**TASK TO CARRY OUT:** Repeat the data in full and exactly. Leave the pictures out.

**INFORMATION SUPPLIED:**
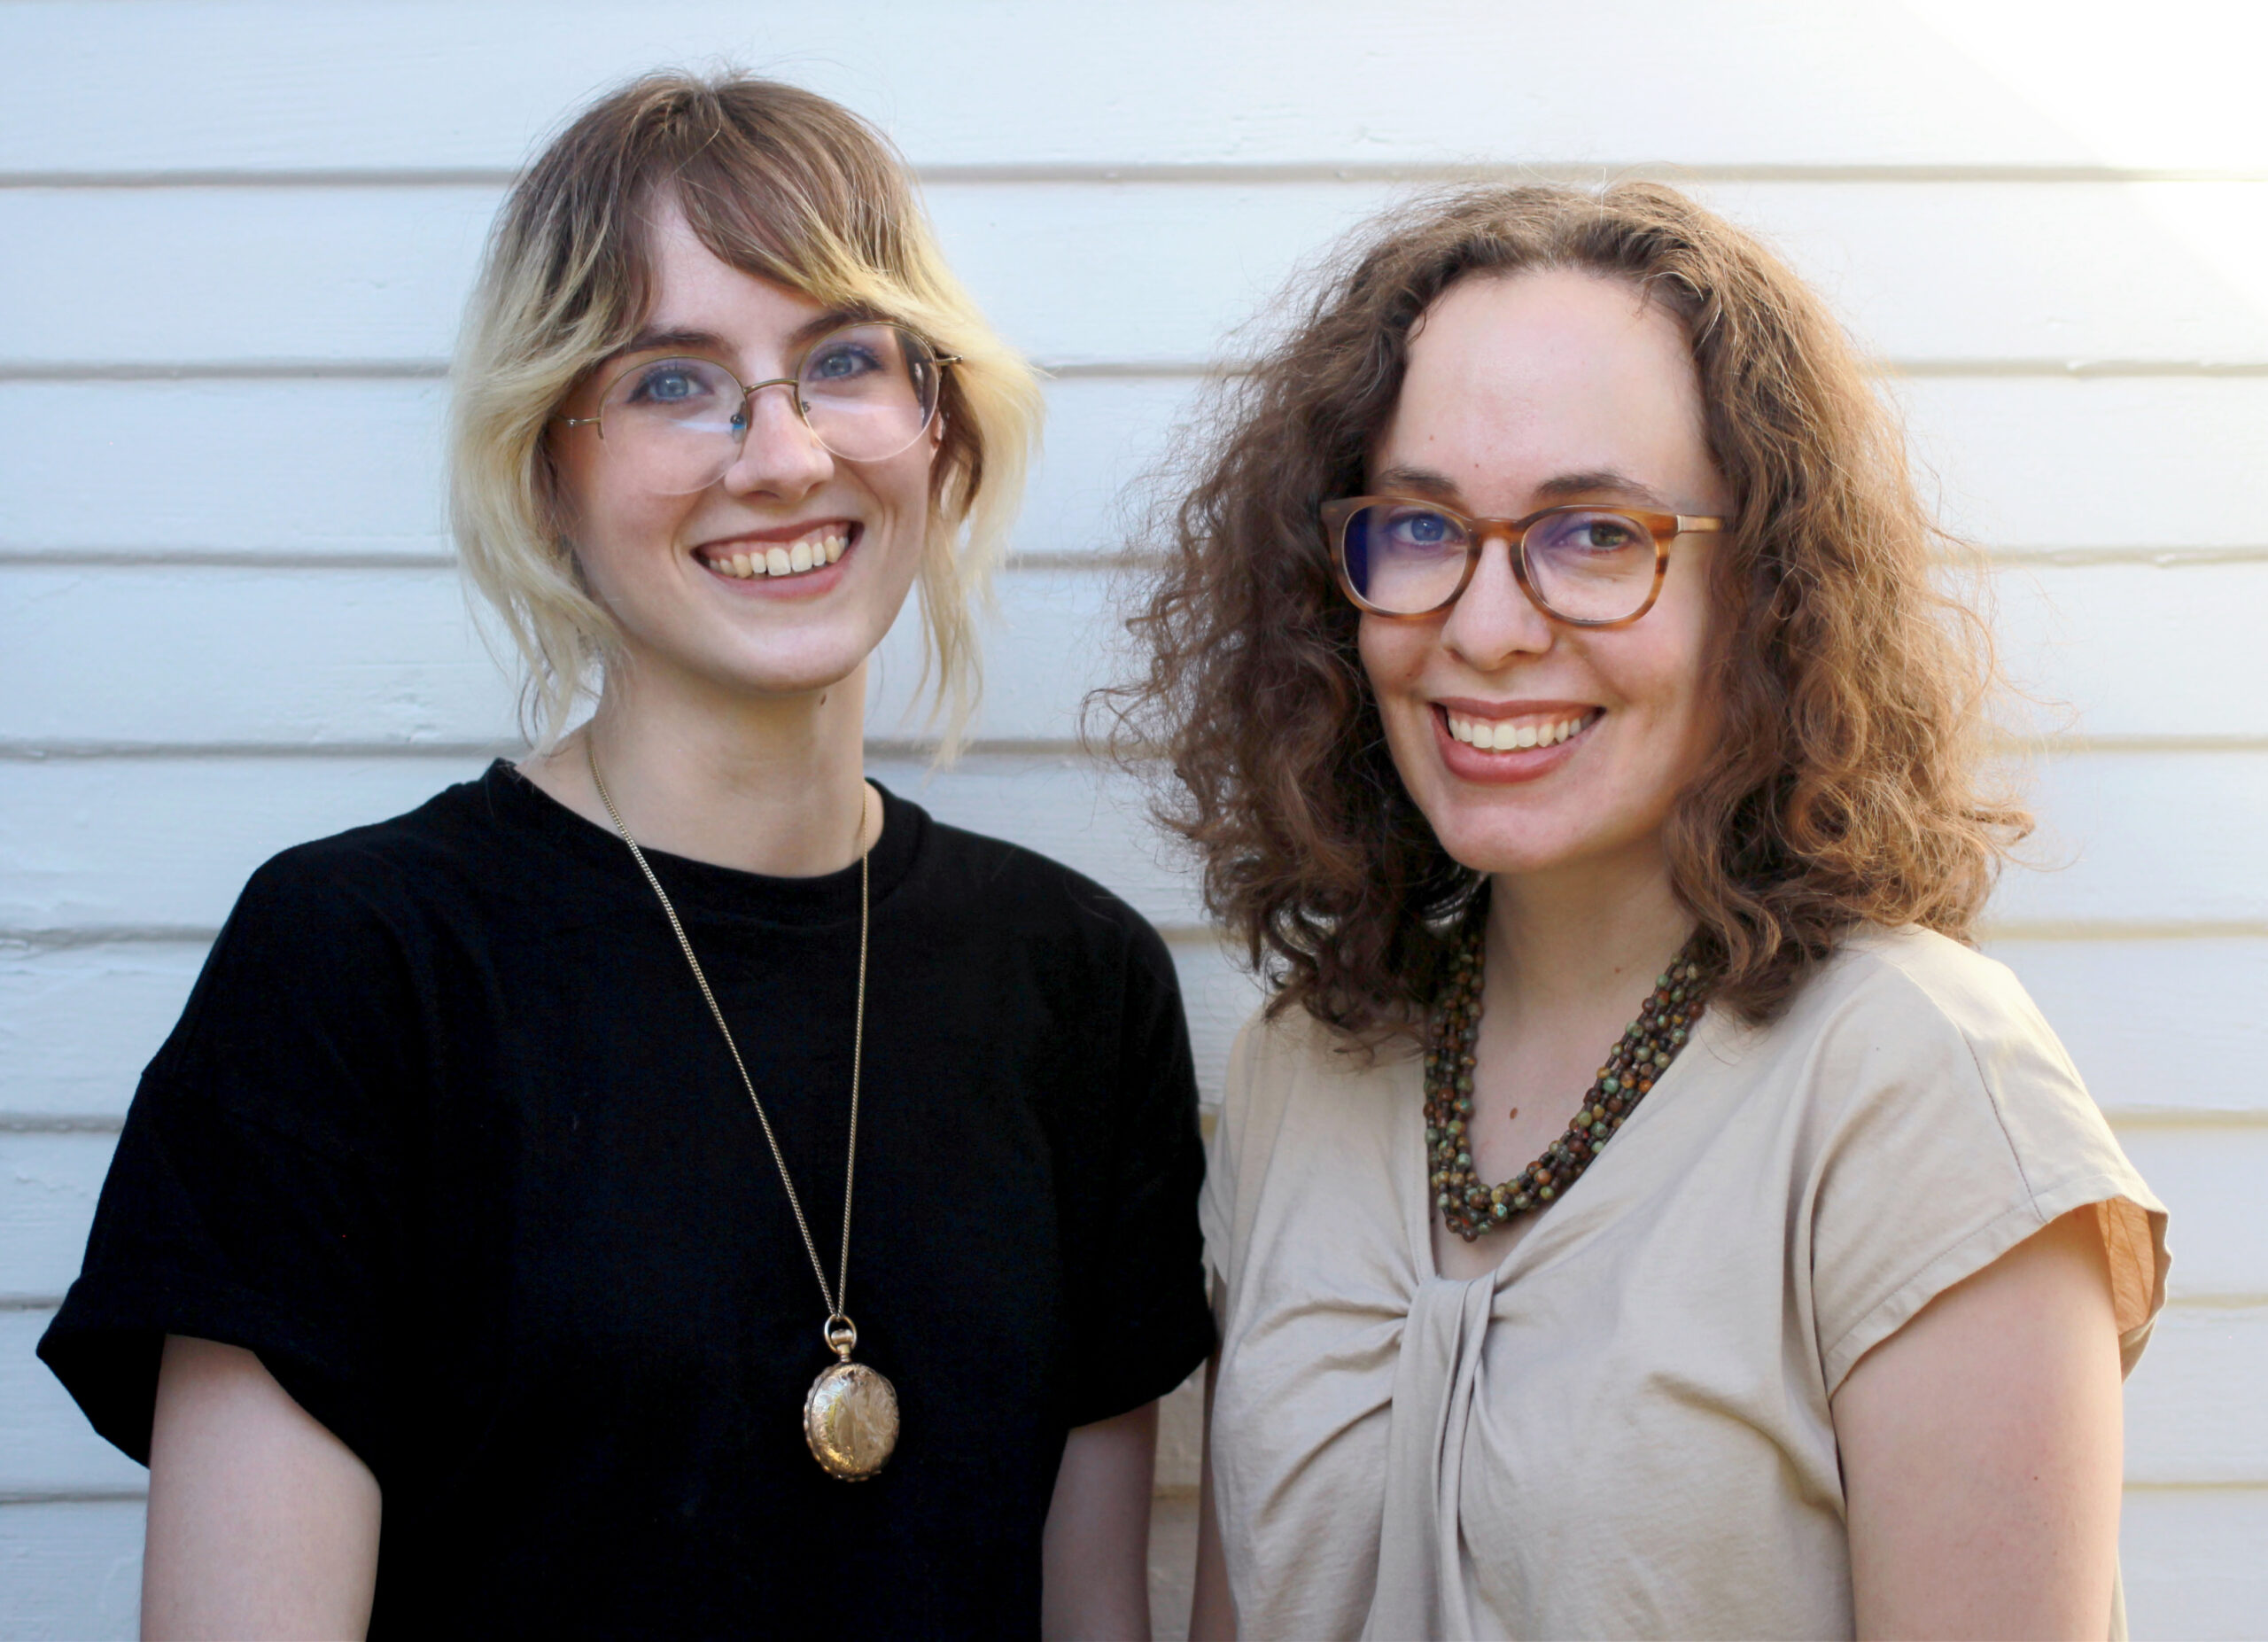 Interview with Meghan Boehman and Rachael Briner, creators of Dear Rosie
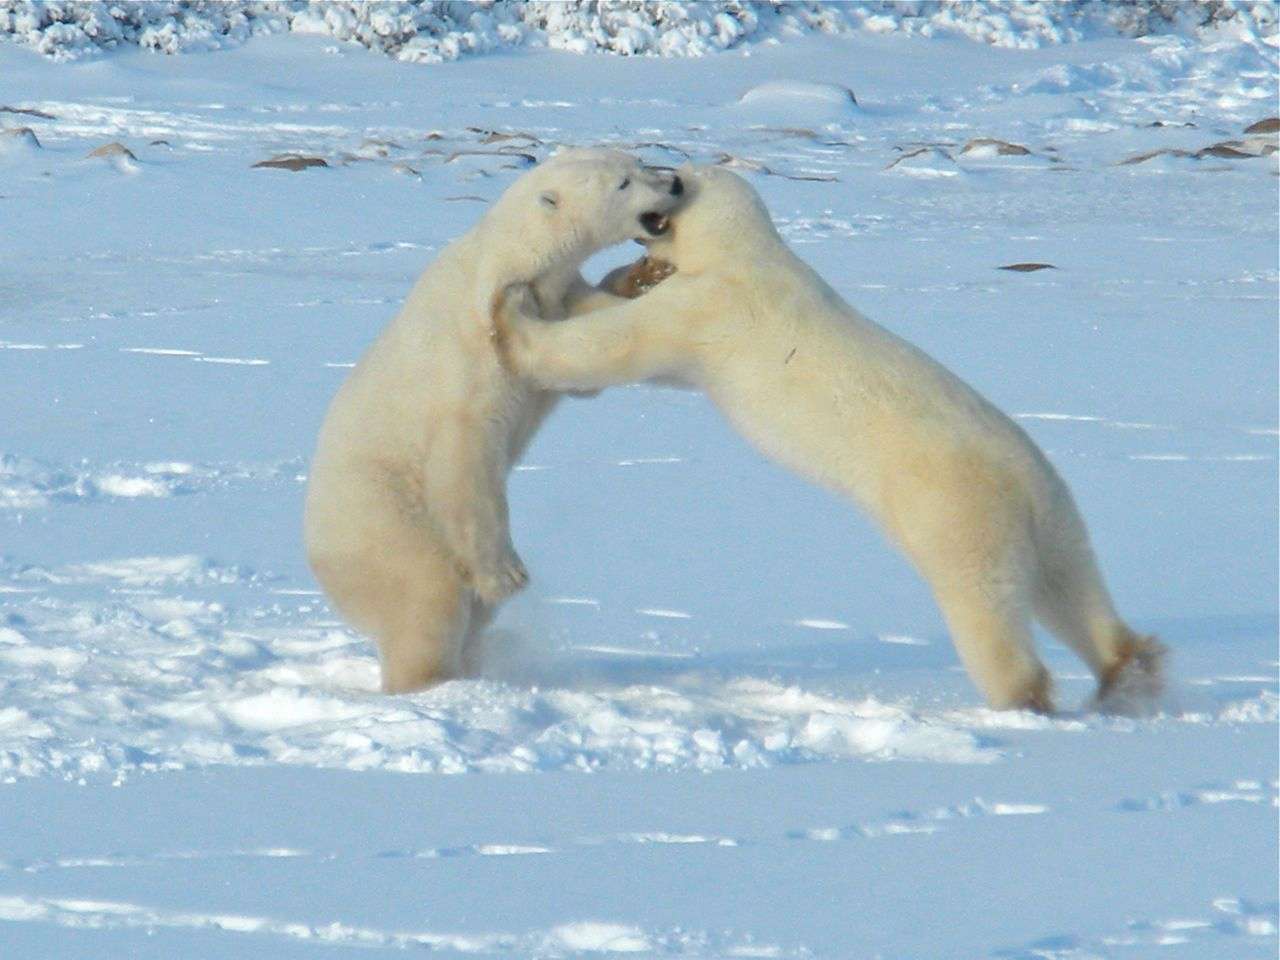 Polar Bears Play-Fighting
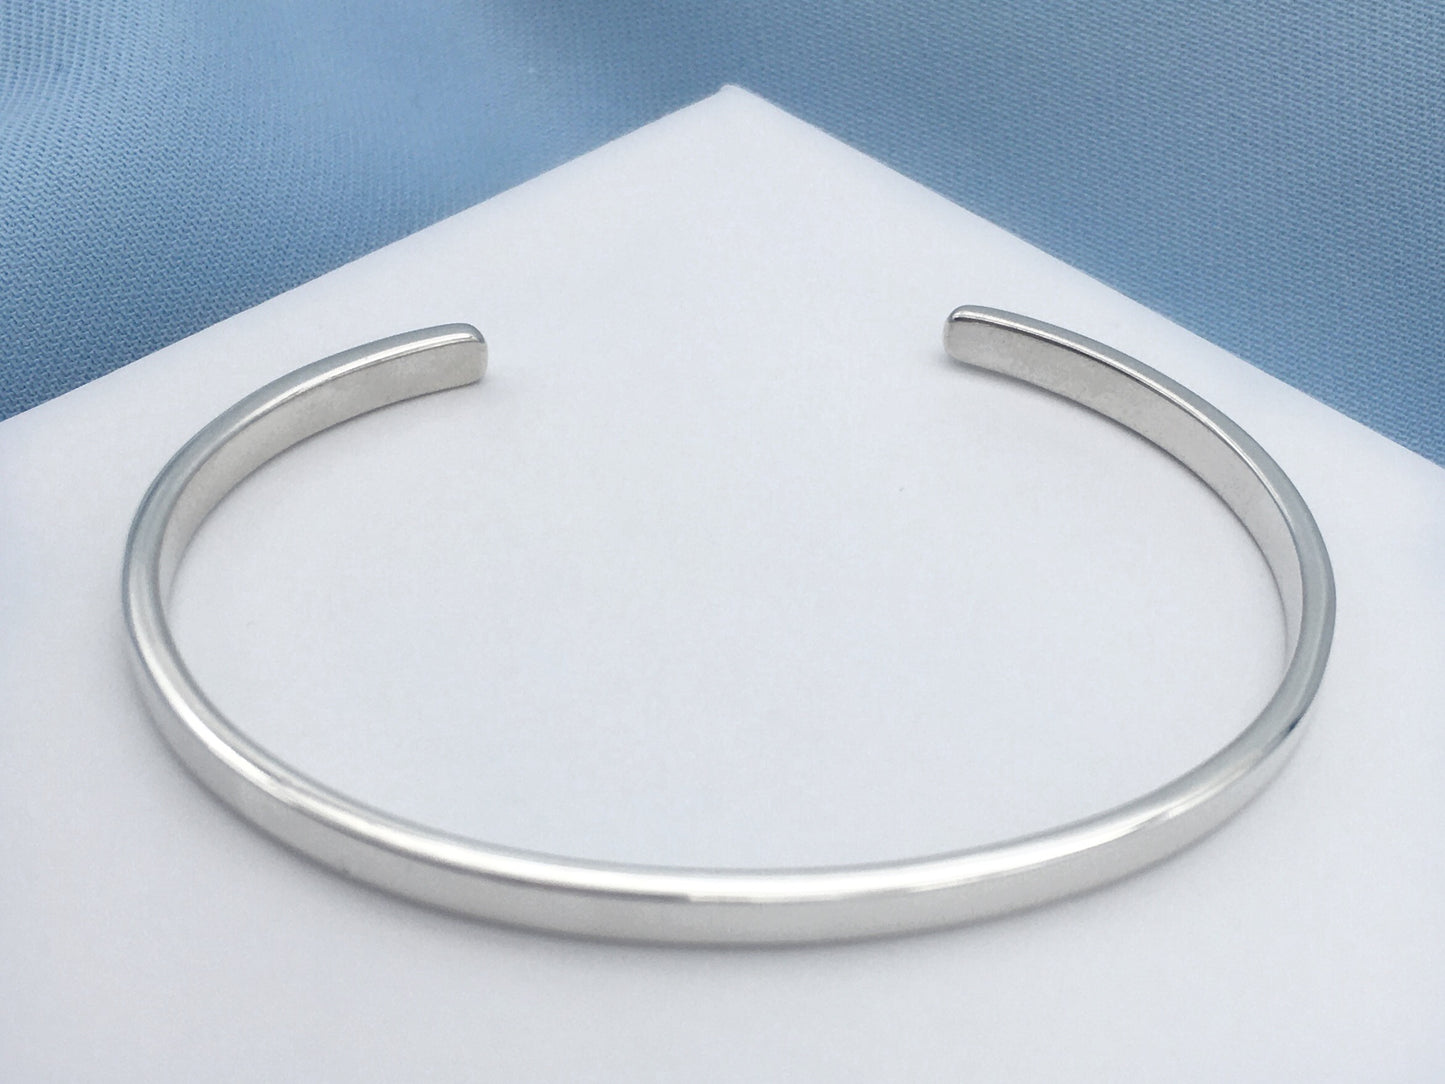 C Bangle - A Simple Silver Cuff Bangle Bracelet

**WRITTEN ANSWER:**
 Interview with Meghan Boehman and Rachael Briner, creators of Dear Rosie
 Polar Bears Play-Fighting
 C Bangle - A Simple Silver Cuff Bangle Bracelet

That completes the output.